Had a look at the switch but it's not a simple thing, having a couple of printed circuit boards, pos and neg inputs and four outputs (two of which I assume go to the light just inside the door as that switch is on the same plate. Presumably the printed circuit board alternates the polarity so that the motor reverses.

My guess is that it is the switch that's failed and not the motor working in only one direction.

Any ideas?

Cheers

H


----------



## kimbo4x4 (Jun 29, 2008)

My first stop would be to get underneath and remove the cover from the motor to check if connections to it and the buzzer switch are good.

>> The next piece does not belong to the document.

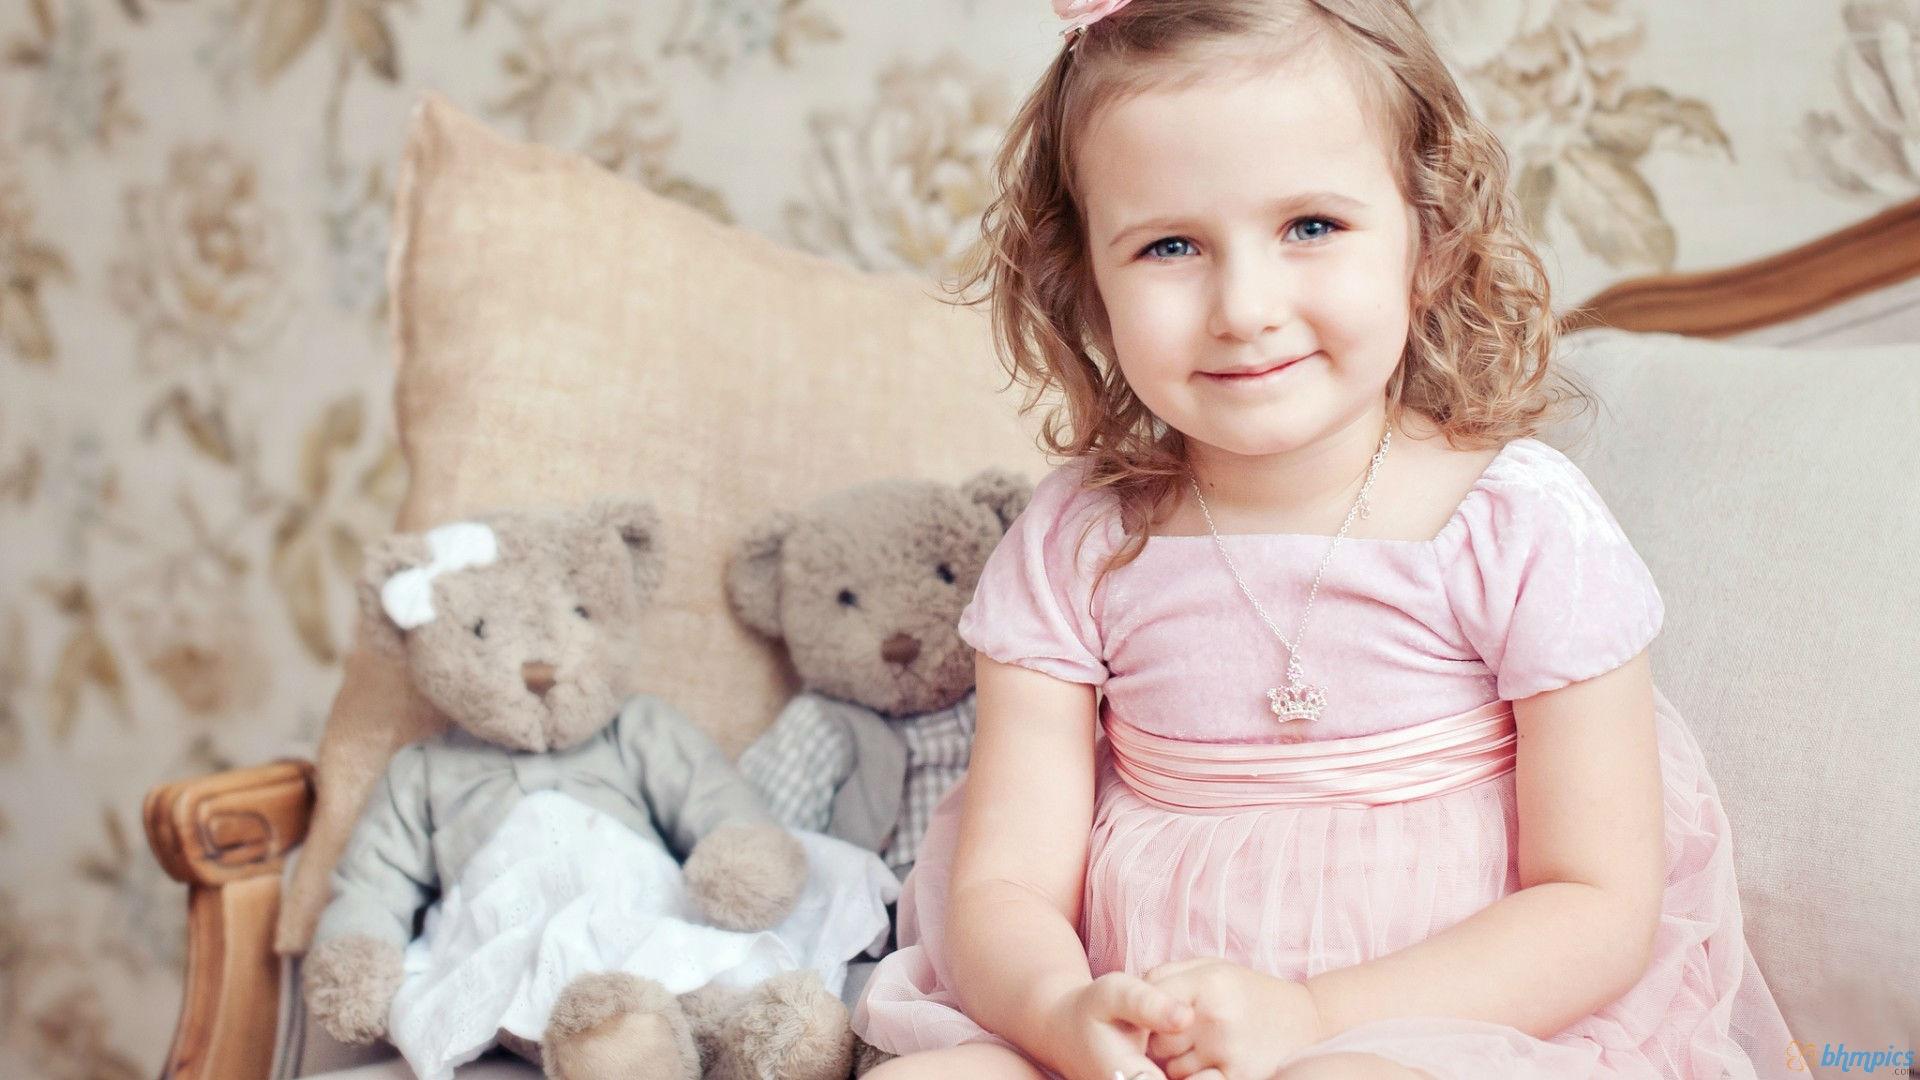 بالصور صور اولاد صغار , اجمل صور اولاد صغار 3358 11

Sometimes they jam up due to mud etc thrown up from the wheel - a good hose down with a powerful hose might also be an idea.


----------



## Seeker (Dec 26, 2005)

Thanks Kimbo. Is the cover riveted on?

H


----------



## Scolds (Jul 26, 2010)

Not sure about your type of step but I have found sometimes a good clean to all hinges helps. Then exercise the step with someone operating the button and you laying down helping it in and out.


----------



## kimbo4x4 (Jun 29, 2008)

Cover on Hymer step fitted to ours is held on with two screws.
Good luck :wink:


----------



## roxie (Dec 28, 2012)

ours did the same,took switch apart and found micro switch was bent over straightend it up with a very small screw driver,might be worth a look before stripping step.


----------



## Seeker (Dec 26, 2005)

Thanks Roxie. I've had the switch out once but there didn't seem to be any way of getting inside it or between the two circular PCBs. Does that sound like the same switch as you have?

H


----------



## MikeE (May 1, 2005)

We had a similar problem last year. Apparently it's often the micro -switch that's faulty with this sort of problem ... but, for a few years Hymer were fitting the double PCB unit that you seem to have. We had a similar unit in ours and that what was failed. Our 'van is a B524, 2004 reg (2003 year model). Peter Hambilton (at Preston) replaced the combined switch unit with separate switch and electronic parts. The parts were about £35, he did it during a bigger job so I don't know what the labour charge would have been.

Mike


----------



## Seeker (Dec 26, 2005)

Just to update people interested in this topic. I decided it was unlikely to be due to mud in the motor box and so obtained a replacement switch from Brownhills Preston and fitted it in 15 minutes and the steps now work perfectly again.

I found that the wiring behind the switch was too short to be pulled out of the hole to allow easy connection but by removing and pulling out the adjacent light switch, which has longer wiring, it is possible to get your fingers through that hole to push the connecting blocks on to the terminals behind the new switch.

The decor surround prises off easily with a flat bladed screwdriver.

Switch cost about £65.

Thanks for all previous comments.

H


----------



## WiltonShagpile (Apr 10, 2008)

Hi,

I know it's probably not the solution to your problem but my Hymer step started playing up. Just sprayed it with WD40... On all the joints and moving parts. Works a treat.... 8000 miles and a year later it's still quiet and quick.

I had read somewhere not to use oil as it attracts grit and gums up the works.

All the best Wilt


----------



## Seeker (Dec 26, 2005)

Thanks Wilt but I have to say that the moving parts on our steps seem very free indeed, as if they've had a good bit of tolerance built into the pivoting points.

H


----------



## roxie (Dec 28, 2012)

good to see you got it sorted.


----------



## Tucano (Jun 9, 2006)

Good to know you were able to get to it, I sold my previous van and luckily the steps worked whilst I was trading it in :roll:
Norman.


----------